# need help!



## wishart (Jul 30, 2008)

My tank has leaked pretty good leaks off its corner part on the stand. And i couldn't figure out where it was coming from.. The seals.. or a small crack. And i finally had a bad leak today. And my fish and all items and rocks are out in buckets. And my tank is by itself. And i was wondering how i could seal a tank on the seals on glass AND the black trim on bottom and top of tank. Water is coming out of the trim area so that must be a leak in cocking too. And when pressure is on the side it leaked badly. So why i post is i got to cocking or glue and its 12 am. And walmart is far away. any ideas on a temp way to seal this up or ideas?
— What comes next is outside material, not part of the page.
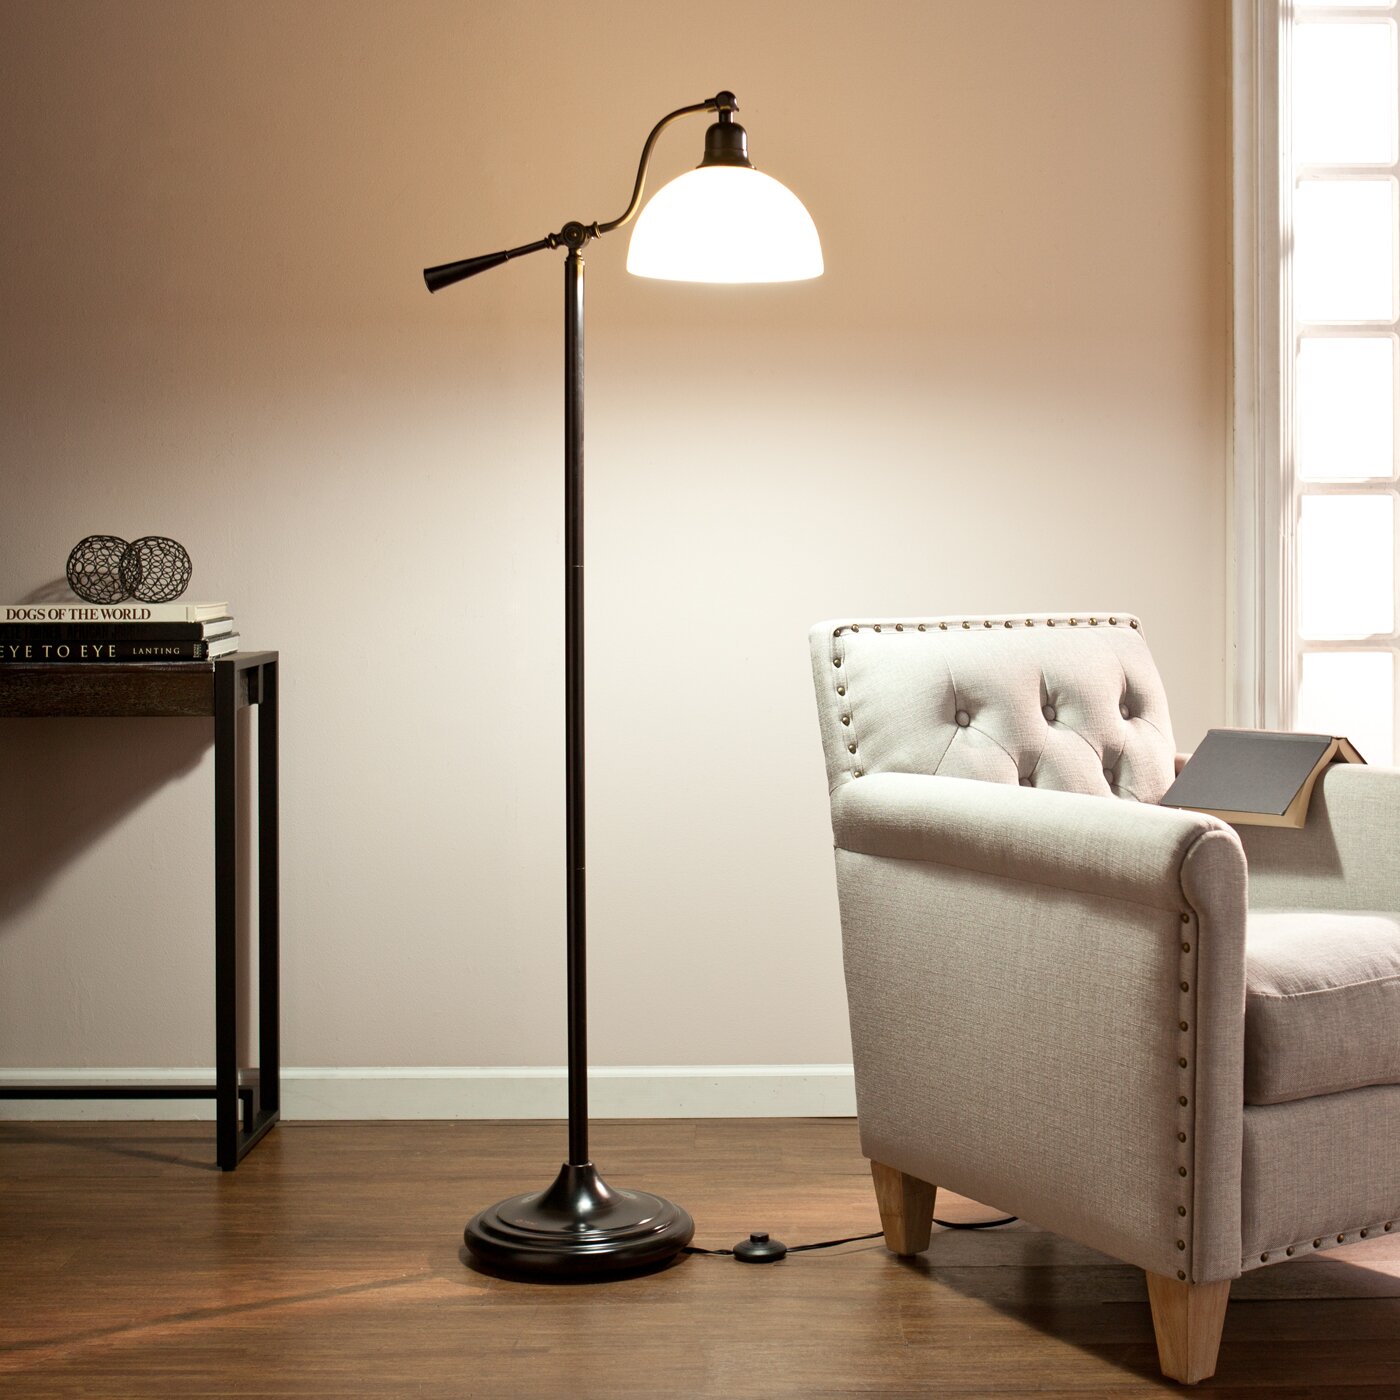 Ottlite Floor Lamp - OttLite - Cambridge Floor Lamp - Included with

My heater broke cause wetness and so i got cichlids in few buckets with hair going into it. But i need help on tank:/ i know tape isn't good and not safe and probably wouldn't work the best. But could i tape the seams and lay rocks over it. If i did this i d need the tank to last till friday morning. but if not i can do emergency travel and get glue or whatever will work. edit part- if i was to be able to keep them in buckets and get a heater of some sort... there only two 5 galon buckets... so not much to old the fish. But if i was able to wait few days. what is better for my tank. I need to seal the inside with seal of some kind or silicone. And i want to seal the black frame on top and bottom. Can both be done with silicone? Or do i need two different things? Or glue on outside and silicone on inside please tell me


----------



## goldtopper (Jun 27, 2008)

This exactly happenned to me last night! same place. Turned out that the silicone leak was the verticle side joint. The water travelled down and collected in the trim on the bottom right.
The more I thought about it, I said screw it and went and bought a new replacement tank.
I'll repair the old one, but didn't want all of my fish in assorted bins overnight.


----------



## kingpoiuy (Jun 9, 2008)

Tape or glue will NOT work. You have to use silicone if it is a glass tank and you have to remove all the old silicone before you reseal it. If you don't think this is something you can do then I'd suggest selling it and buying a bigger tank.

What size is it?


----------



## wishart (Jul 30, 2008)

the tank in question is 30 gal. I got a 55 community tank. And 30 gal cichlid tank. And i know iam just opening my fish live in bucket in such close in area 5 gal bucket :-? and until then ill get silicone. Anyone know good cheap kind thats good. I seen aquarium silicone on walmart site. But only get it online.


----------



## kingpoiuy (Jun 9, 2008)

Petco has it. Not sure about anyone else cause that's closest to my home so I usually check there first.


----------



## wishart (Jul 30, 2008)

does anyone know what i can get at walmart. Iam going there in 12 hours almost. And i wanna know what kind of sealing stuff i should get. I check walmart online and it had aquarium glue but only online. So sense theres nothing in fish section. What should i be looking for in the house section in walmart.. like sealing windows or tanks or what not to get and clear or non clear.. or how much any help be great otherwise i just ask the guy what silicone i buy for tank and he can ruin my tank:/


----------



## DJRansome (Oct 29, 2005)

Buying silicone made for something other than aquariums is cheaper, but risky. I've had it work, and I've had it kill my fish. I learned my lesson and will pay a little more. Try a serious local fish store.

There is a sticky on aquarium silicone I think in the Tank section...very long...with posts about the good kind and the bad kind. I've posted there several times. Whatever you do, avoid silicone with mildew-i-cide or mold killer. The bad stuff I used said it had "bio-seal".


----------



## wishart (Jul 30, 2008)

okay thanks so far guys:0 Even tho i got sad news.. 1 my fish died. From fight in bucket i was out getting something and came back with a floaty fish iam so bad and upset.


----------